3. Your Brand Promise
What is a brand promise and do you need one?
Define and discuss the role of a brand promise and how it’s central to your core marketing message. Review examples of famous brand promises to inspire us. Work on a written exercise to begin developing your brand promise statement. A “Client Bill of Rights” exercise is used to jump-start our thinking.
4. Market Positioning & Messaging strategy
Where will you lead in the marketplace? Define and discuss specific positioning strategies. Explore different leadership positions brands purposefully try to “own” and use to differentiate themselves. We start this exercise by identifying your industry’s table stakes to help us uncover the “me too” messaging we want to avoid. Then we look at your purpose and strengths versus key to see if our desired positioning is too similar (we want to be as opposite as possible). From this exercise we should identify a very specific market position, examples include: technology leader, fun leader, comfort leader, innovation leader, experience leader.
5. Key Audiences / Buyer Personas / Editorial Mission
Who are the most important people to reach?
Explore via story creation the key buyers and influencers we must address with our brand and marketing communications. What are their key mindsets? Fears? Hopes? Values? Preferences? We identify what we absolutely know and what we need to research further. We also write an editorial mission statement for each persona for inbound and content marketing purposes.
6. Brand Essence & Brand Personality
What is your brand really about?
Define and explore brand personality and why having one is important. Do brand archetype exercise to explore the four human motivators and associated classic archetypes that may be a strong fit for your brand. Example archetypes: The Creator, Caregiver, Ruler, Jester, Regular Guy/Gal, Lover, Hero, Outlaw, Magician, Sage, Explorer, Innocent.
7. Brand Voice
How will your brand sound?
If your brand were a person, how would you describe him or her? Examples: The trusted friend?
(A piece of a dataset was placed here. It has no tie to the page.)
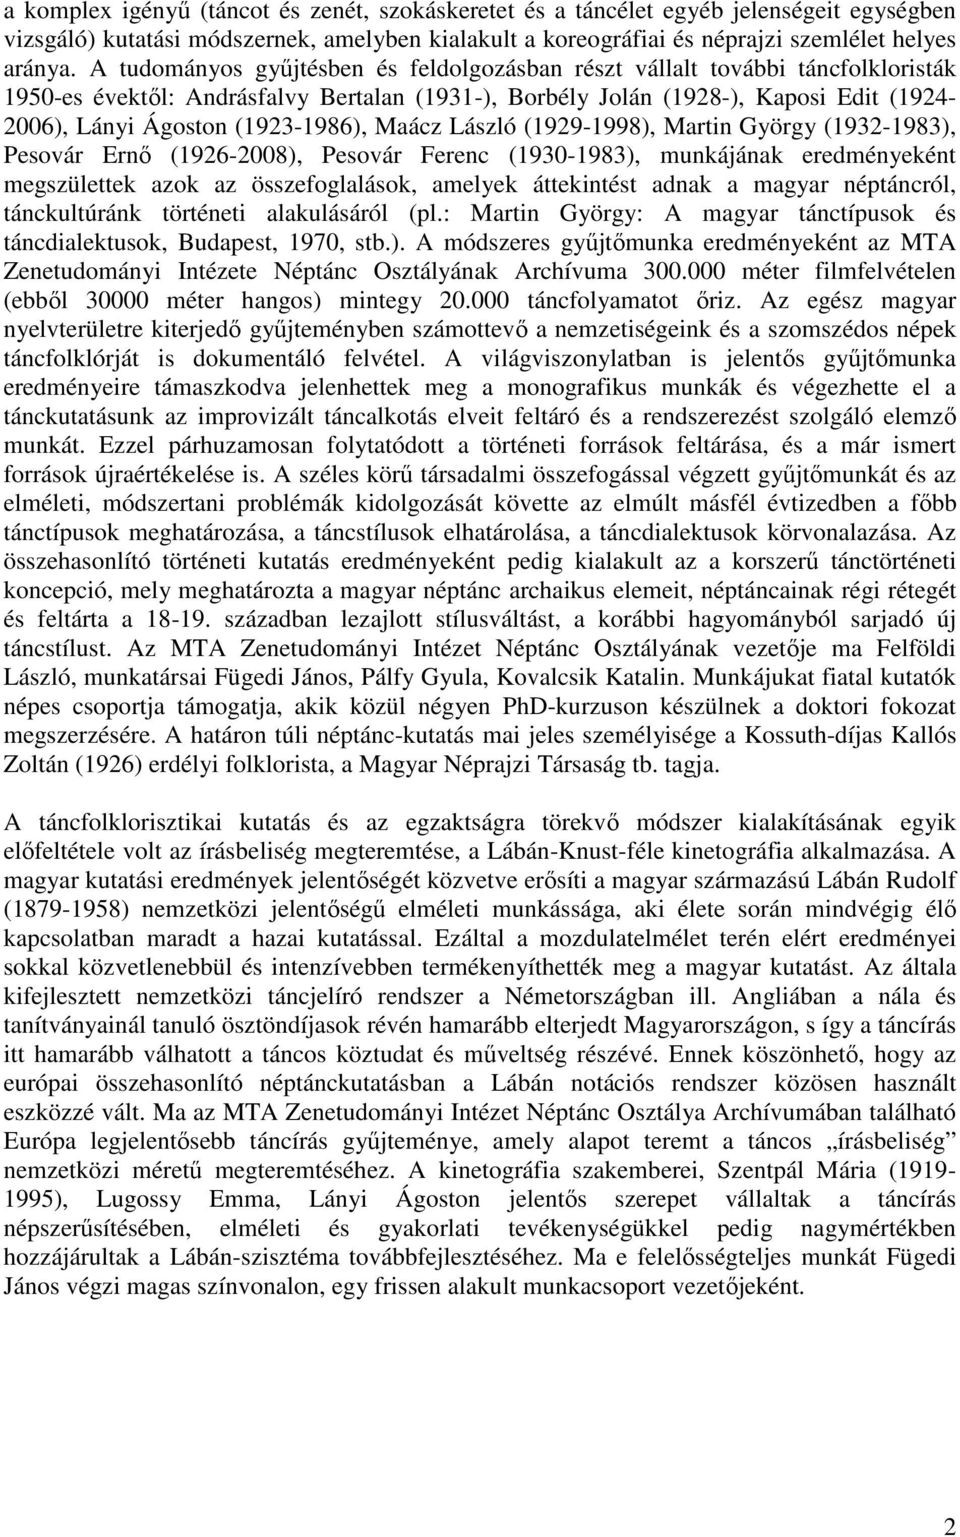 (1923-1986), Maácz László (1929-1998), Martin György (1932-1983), Pesovár Ernı (1926-2008), Pesovár Ferenc (1930-1983), munkájának eredményeként megszülettek azok az összefoglalások, amelyek

Humble hero? Quirky creative? Wacky disruptor? Then we define your voice’s key attributes, vocabulary and simple do’s and don’ts. We are not attempting to define every scenario but instead provide an instructive guideline for your content creators to follow when writing or producing graphics and video.
8. Tagline Types
What is your tagline?
Define and discuss the role of a marketing tagline and the 5 different tagline types. Review competitor taglines and deconstruct their brand strategy. Note: we usually do not brainstorm taglines in a Brand Summit, instead we sharpen our focus for developing strong tagline candidates later on.
9. Brand (or Customer) Experience
How will you live your brand?
Define and discuss how to “live” your brand relative to your client experience. Explore what your ideal experience would look, sound and feel like. Determine what you would start, stop or continue based on your new brand strategy.
10. Website Wish List
What would you change about your current website?
Group ideation using lots of post-it-notes! What if there were no limits on your next site’s functionality or content? What would your visitor experience look, feel or sound like? Exercise results in organization of key ideas to better brand your website.
11. Graphic Style Meter
What will your logo style look like?
Focus the graphic style discussion with the use of graphic style meters to hone in on the right words to use to describe your desired visual identity. This is a good exercise if visual identities (logos) are being evaluated, refreshed or revamped.
12. Brand Naming for Trademark Purposes
What do you need from your new name?
Group discussion and decision making about key naming criteria, name types and naming themes. Review of other brand names for similar products/services/organizations that our target audiences will likely know or use.